Listen Up Philip is a 2014 comedy-drama film written and directed by Alex Ross Perry. The film had its world premiere at 2014 Sundance Film Festival on January 20, 2014, and won the Special Jury Prize at the 2014 Locarno International Film Festival.

Plot
Philip (Jason Schwartzman) is an acclaimed but abrasive young writer waiting for the publication of his second novel. He feels bored of his daily life and his shaky relationship with photographer girlfriend Ashley (Elisabeth Moss). In all of this chaos, his idol, veteran novelist Ike Zimmerman (Jonathan Pryce), offers him accommodation at his summer home, an isolated place where he might find peace.

Cast
 Jason Schwartzman as Philip Lewis Friedman 
 Elisabeth Moss as Ashley Kane
 Krysten Ritter as Melanie Zimmerman
 Joséphine de La Baume as Yvette
 Jonathan Pryce as Ike Zimmerman
 Eric Bogosian as Narrator 
 Jess Weixler as Holly
 Flo Ankah as Brandy
 Brandy Burre as Flo
 Daniel London as Seth
 Dree Hemingway as Emily
 Kate Lyn Sheil as Nancy

Reception
Listen Up Philip received positive reviews from critics. Rotten Tomatoes gives the film 85% based on 122 critics, with an average rating of 7.58/10. The site's critics consensus reads: "As thought provoking as it is uncompromising, Listen Up Philip finds writer-director Alex Ross Perry taking a creative step forward while hearkening back to classic neurotic comedies of (19)70s cinema". On Metacritic, it has an average score of 76% based on reviews from 34 critics, indicating "generally favorable reviews".
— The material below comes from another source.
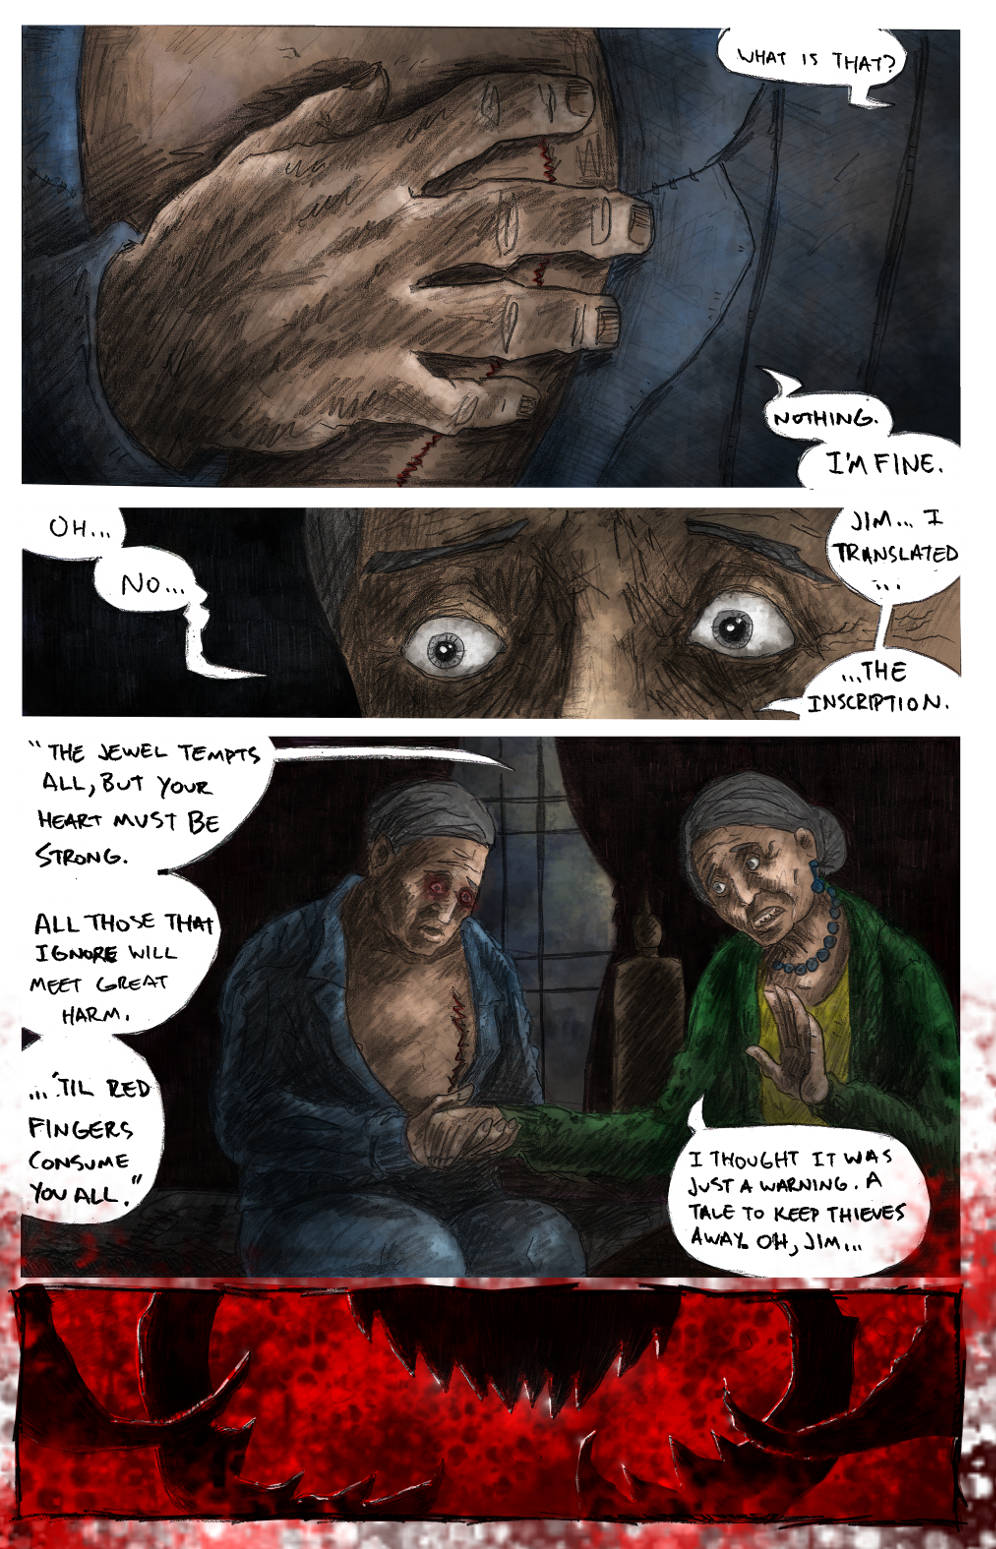 Page 36. Please enable images to read the comics :)

Scott Foundas of Variety, in his review said that "Jason Schwartzman shines as a self-absorbed writer who doesn't quite learn the error of his ways in Alex Ross Perry's sharp and darkly funny third feature." Todd McCarthy in his review for The Hollywood Reporter praised the film by saying that "[An] indisputably talented work for its risk-taking, dark humor and barbed portraiture of creative individuals." Richard Brody of The New Yorker, praised the film by saying that "I can't think of a recent movie that stages with as much joy and wonder the sense of living a life that becomes, directly or obliquely, in action or in idea, the stuff of art." Sam Fragoso in his review for RogerEbert.com said that "Alex Ross Perry's third feature film is his most narratively satisfying and intellectually demanding one, demonstrating a maturation in both style and substance." Rodrigo Perez of Indiewire, graded the film A- and said that "A deeply misanthropic portrait of narcissism, the brittle nature of artistic talent and the struggles of living in New York City, this toxic comedy pulls very few punches when it needs to get really nasty."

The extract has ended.